● Exercise
Below, find the line containing "vores smukke fjord.6 maj. by Tom Augo Lynge"; from there to the final line, print every line exactly and skip the pictures.

● Provided data
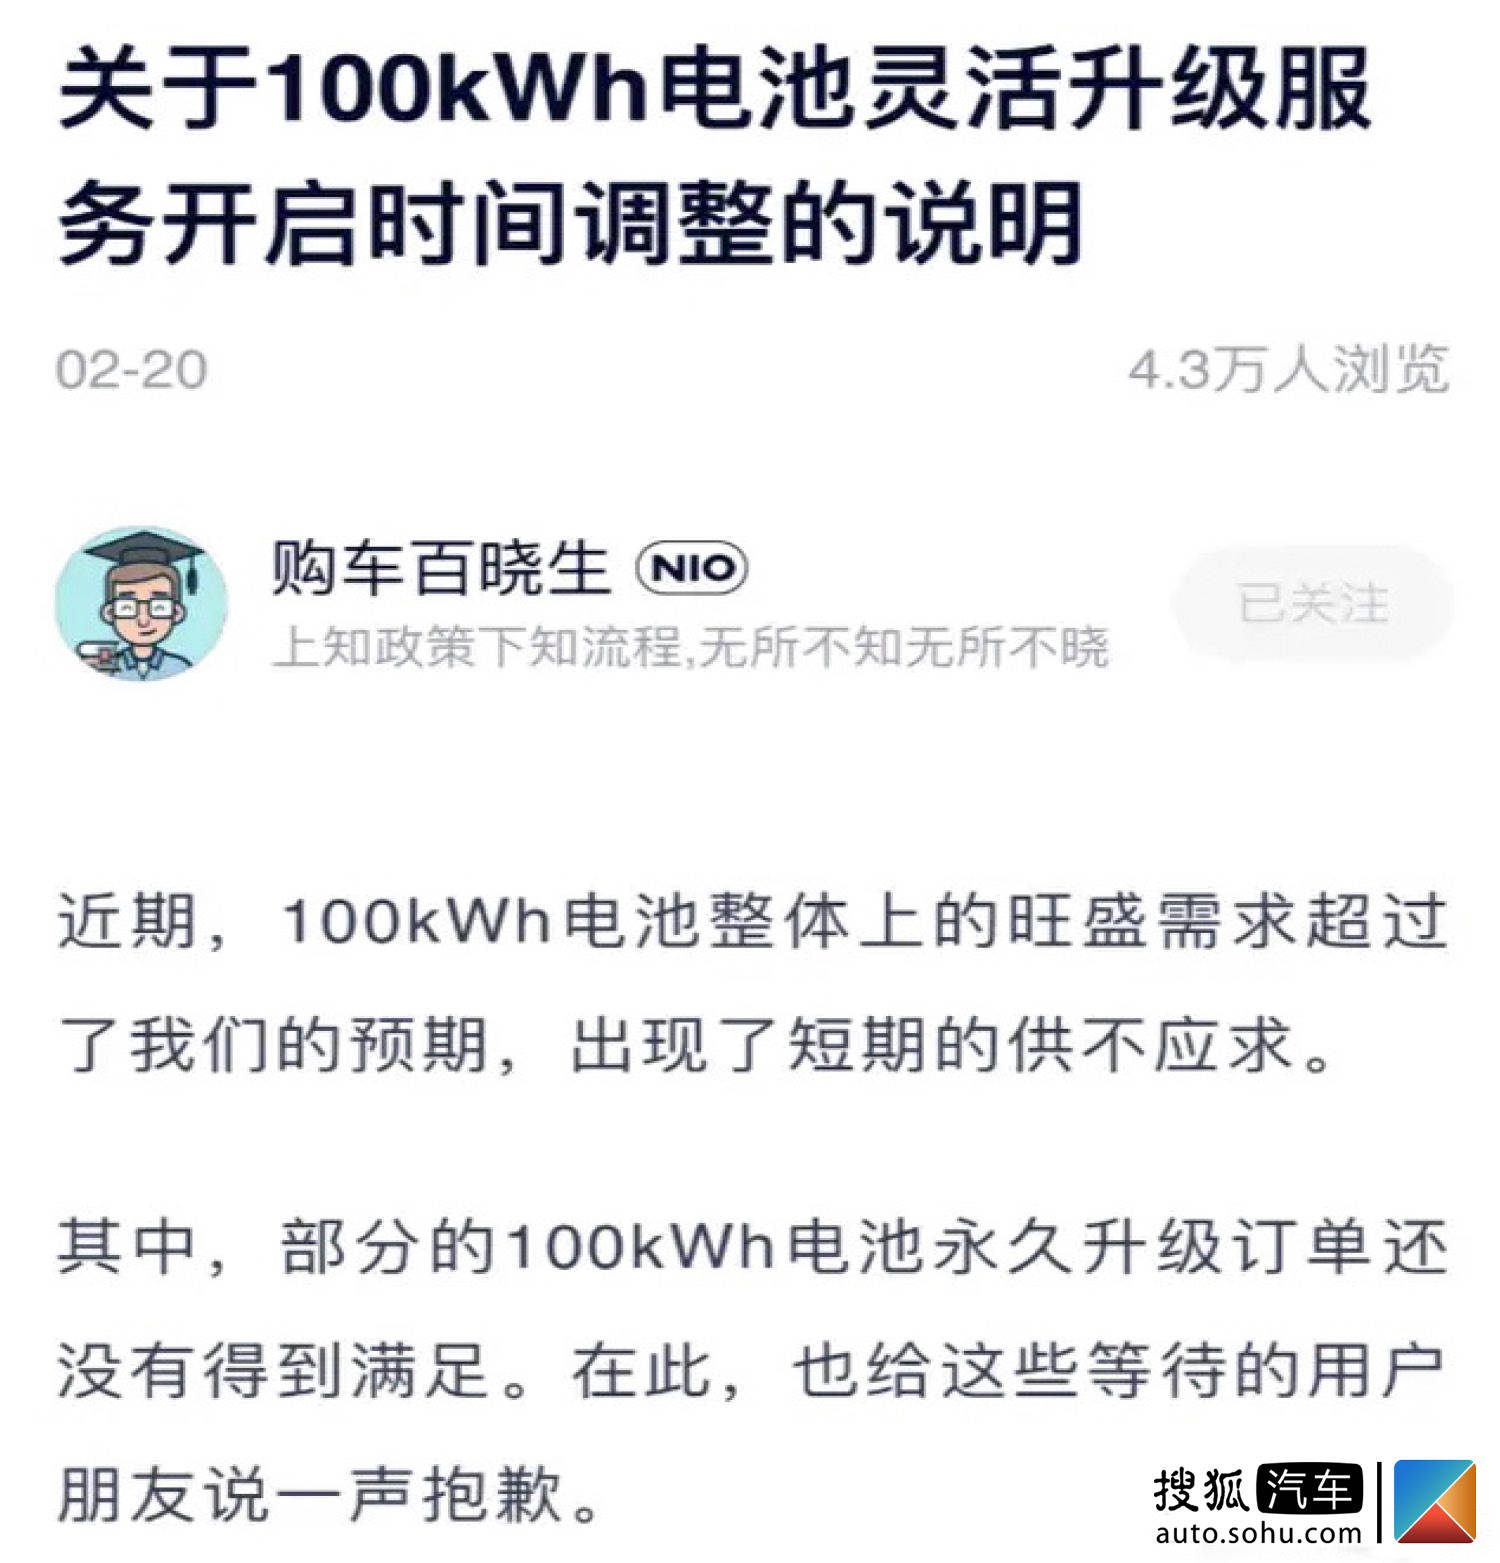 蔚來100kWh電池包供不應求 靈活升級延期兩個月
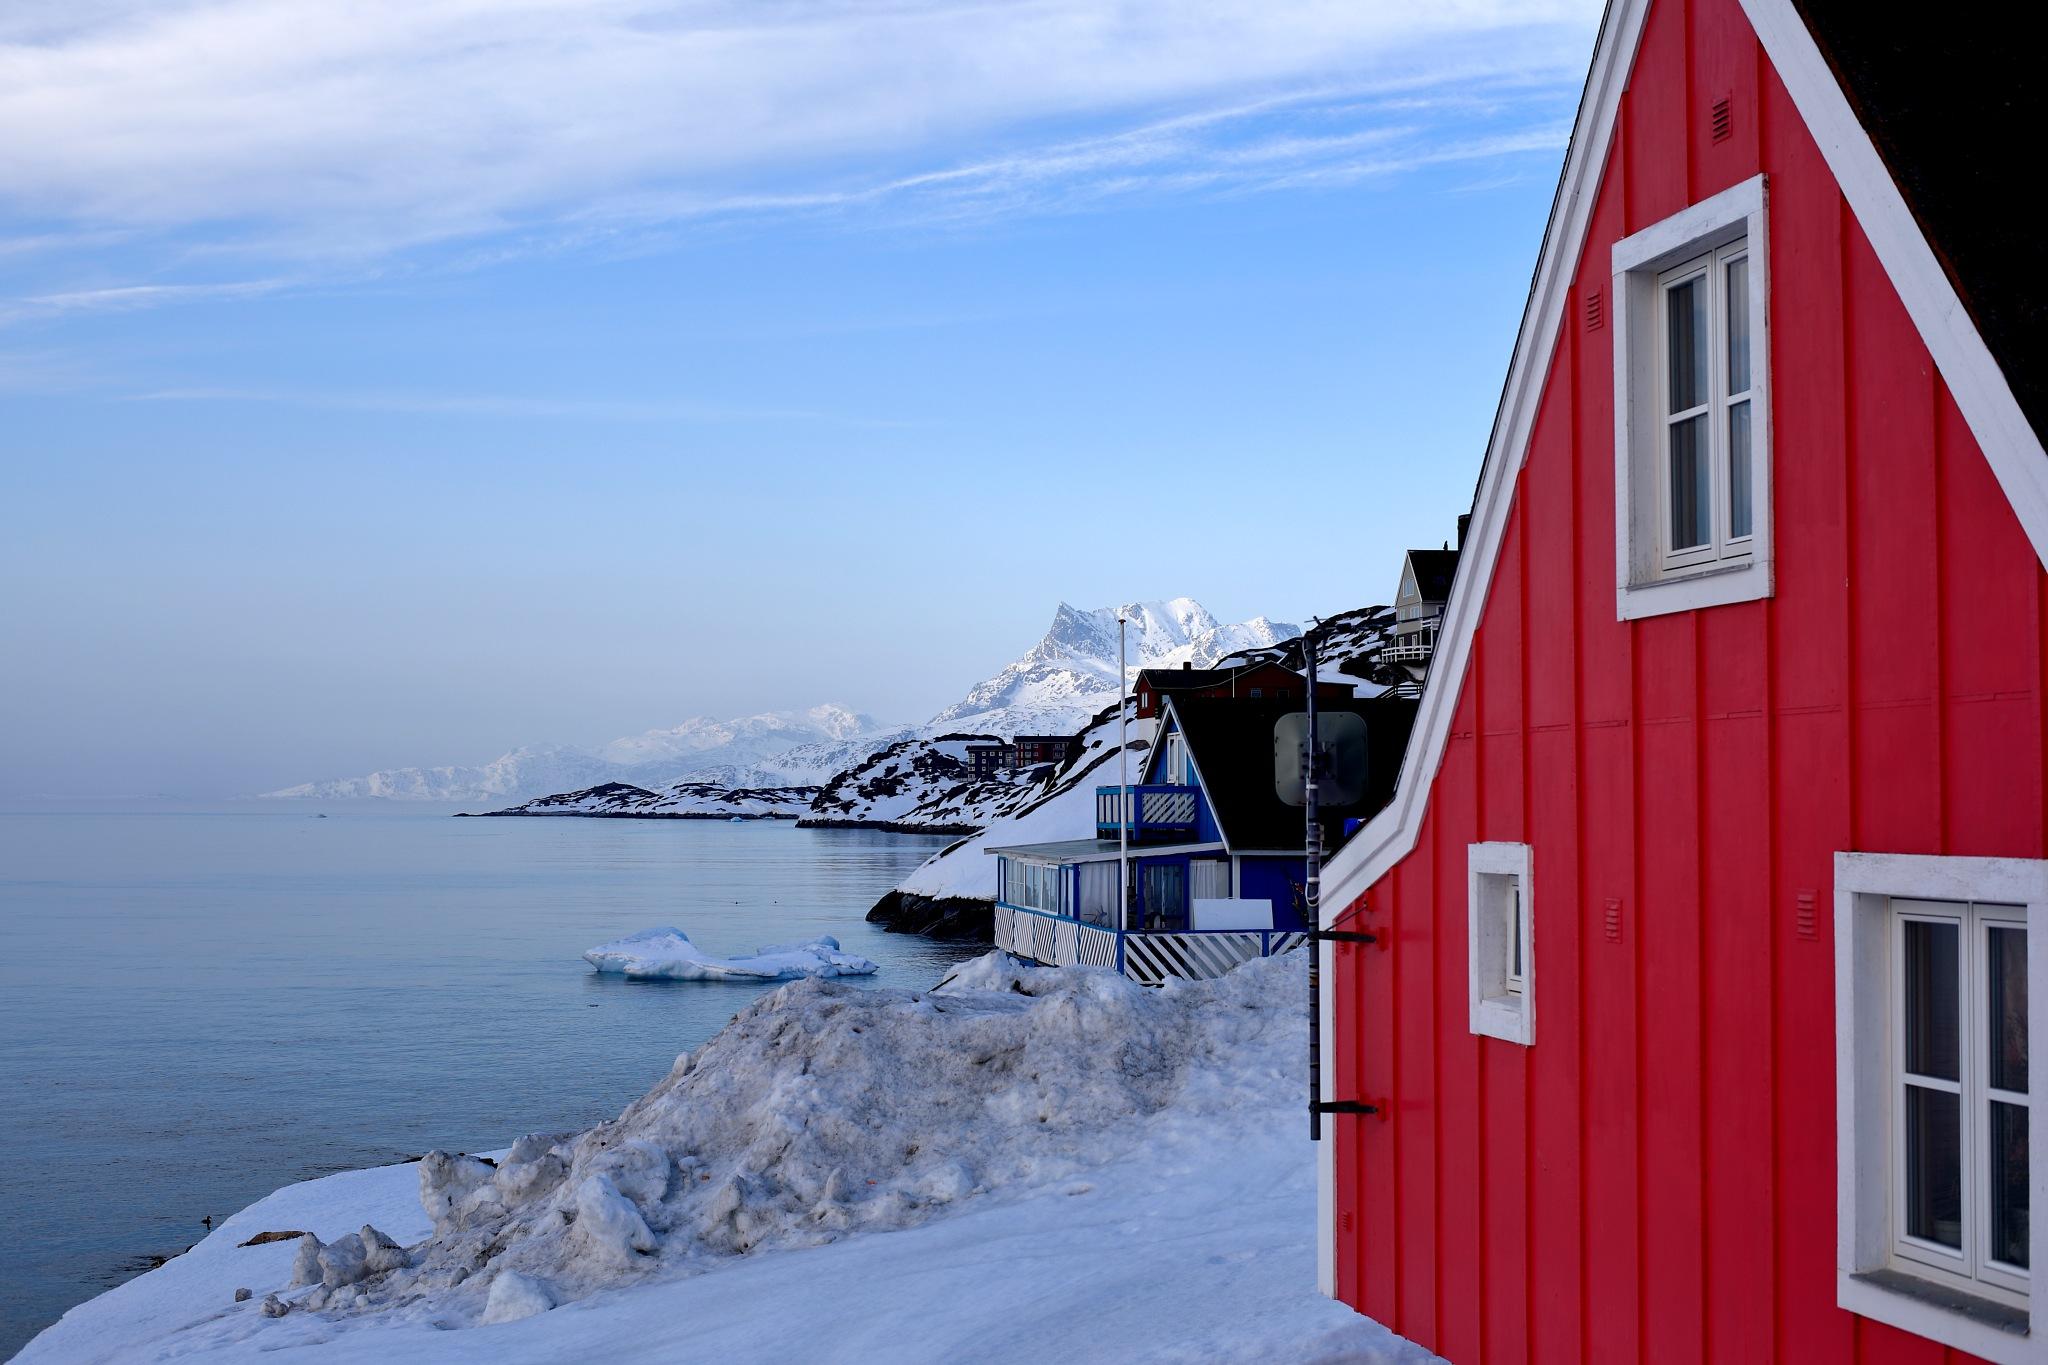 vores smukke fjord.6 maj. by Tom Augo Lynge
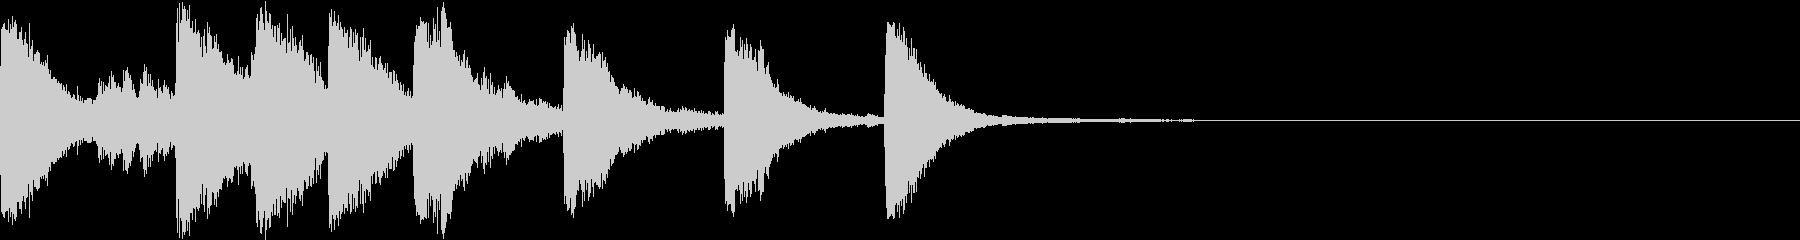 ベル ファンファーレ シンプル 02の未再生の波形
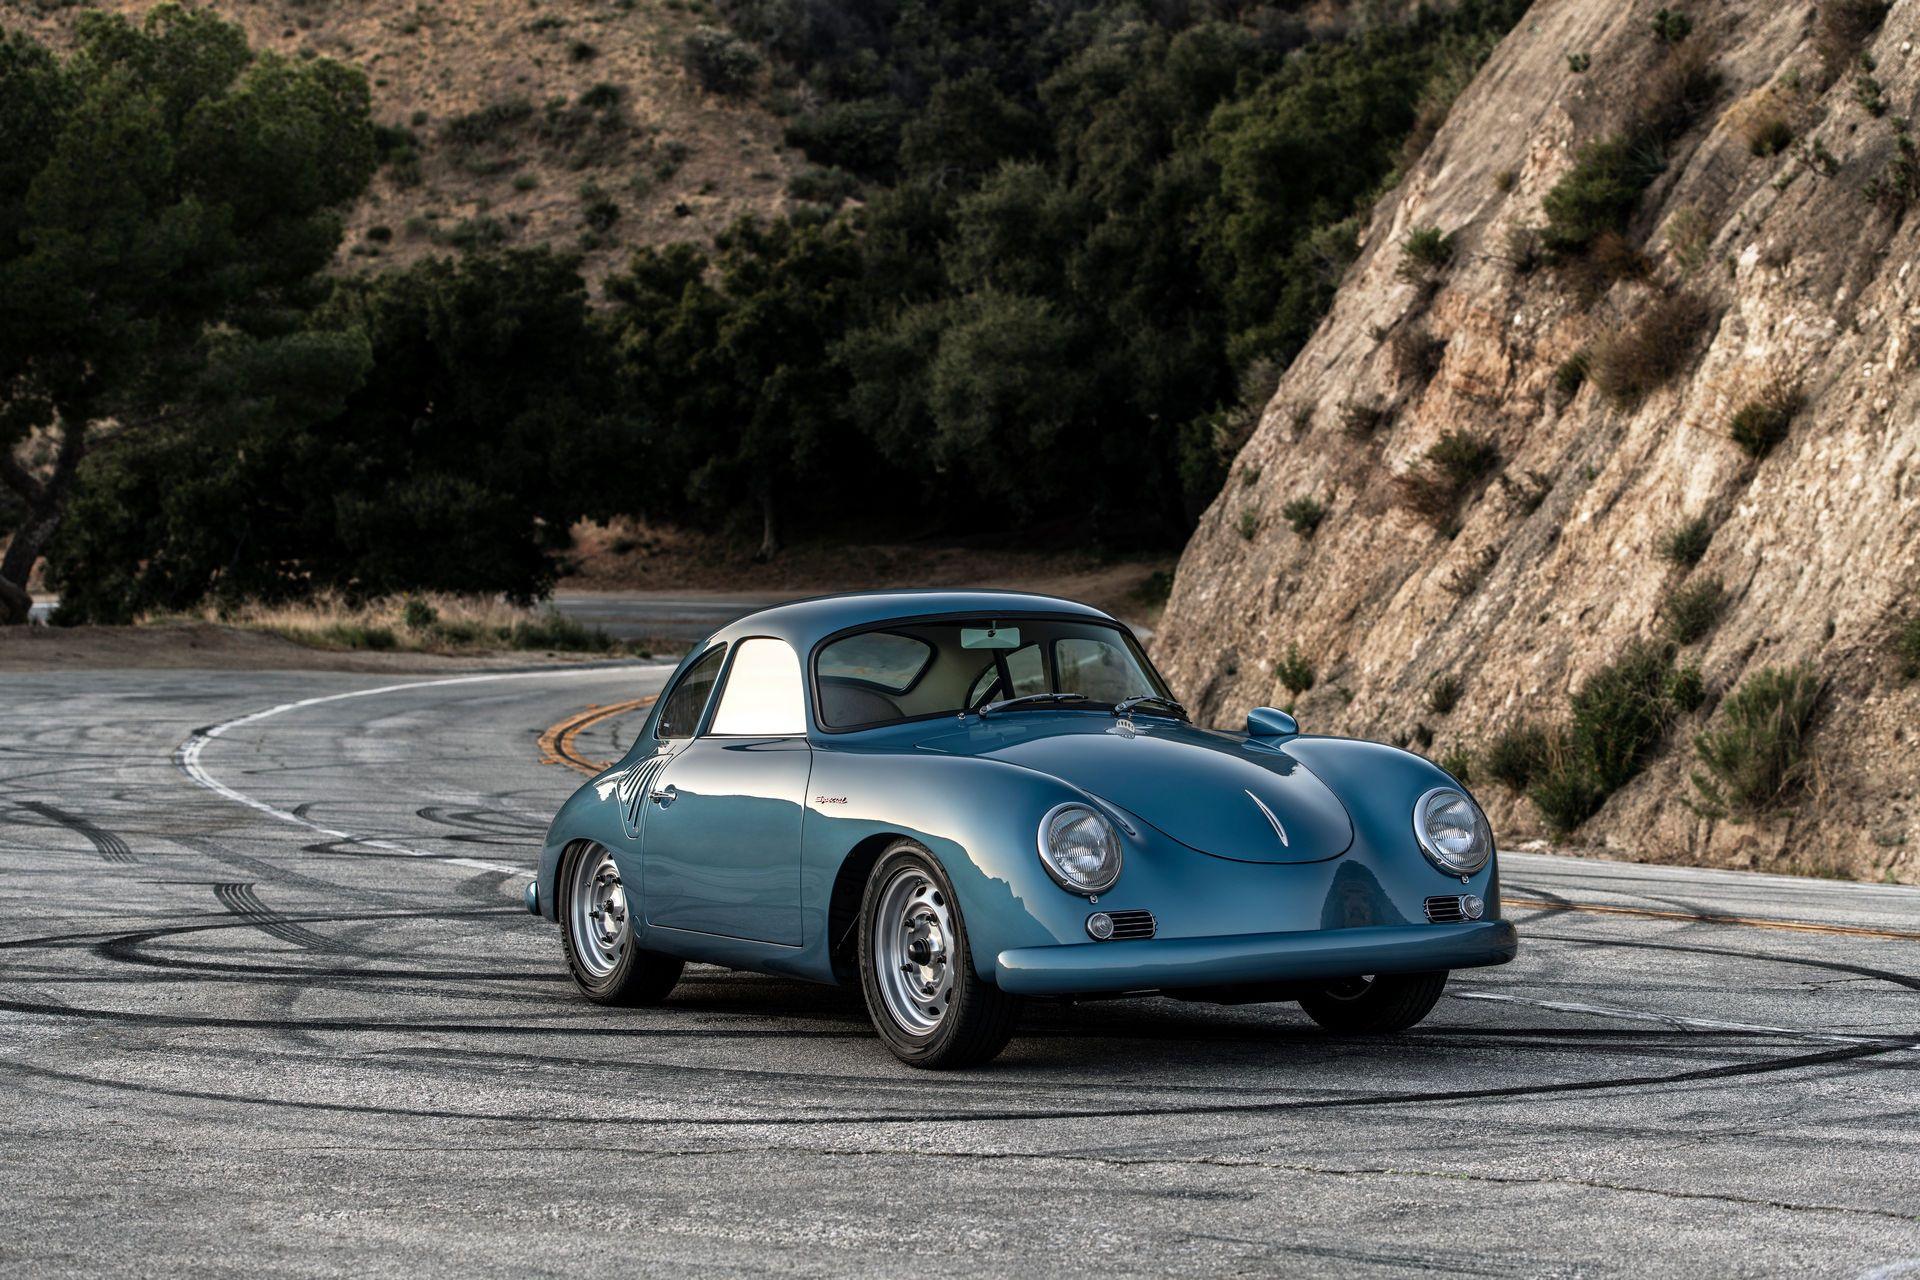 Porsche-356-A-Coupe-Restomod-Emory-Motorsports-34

● Completed exercise
 vores smukke fjord.6 maj. by Tom Augo Lynge
 ベル ファンファーレ シンプル 02の未再生の波形
 Porsche-356-A-Coupe-Restomod-Emory-Motorsports-34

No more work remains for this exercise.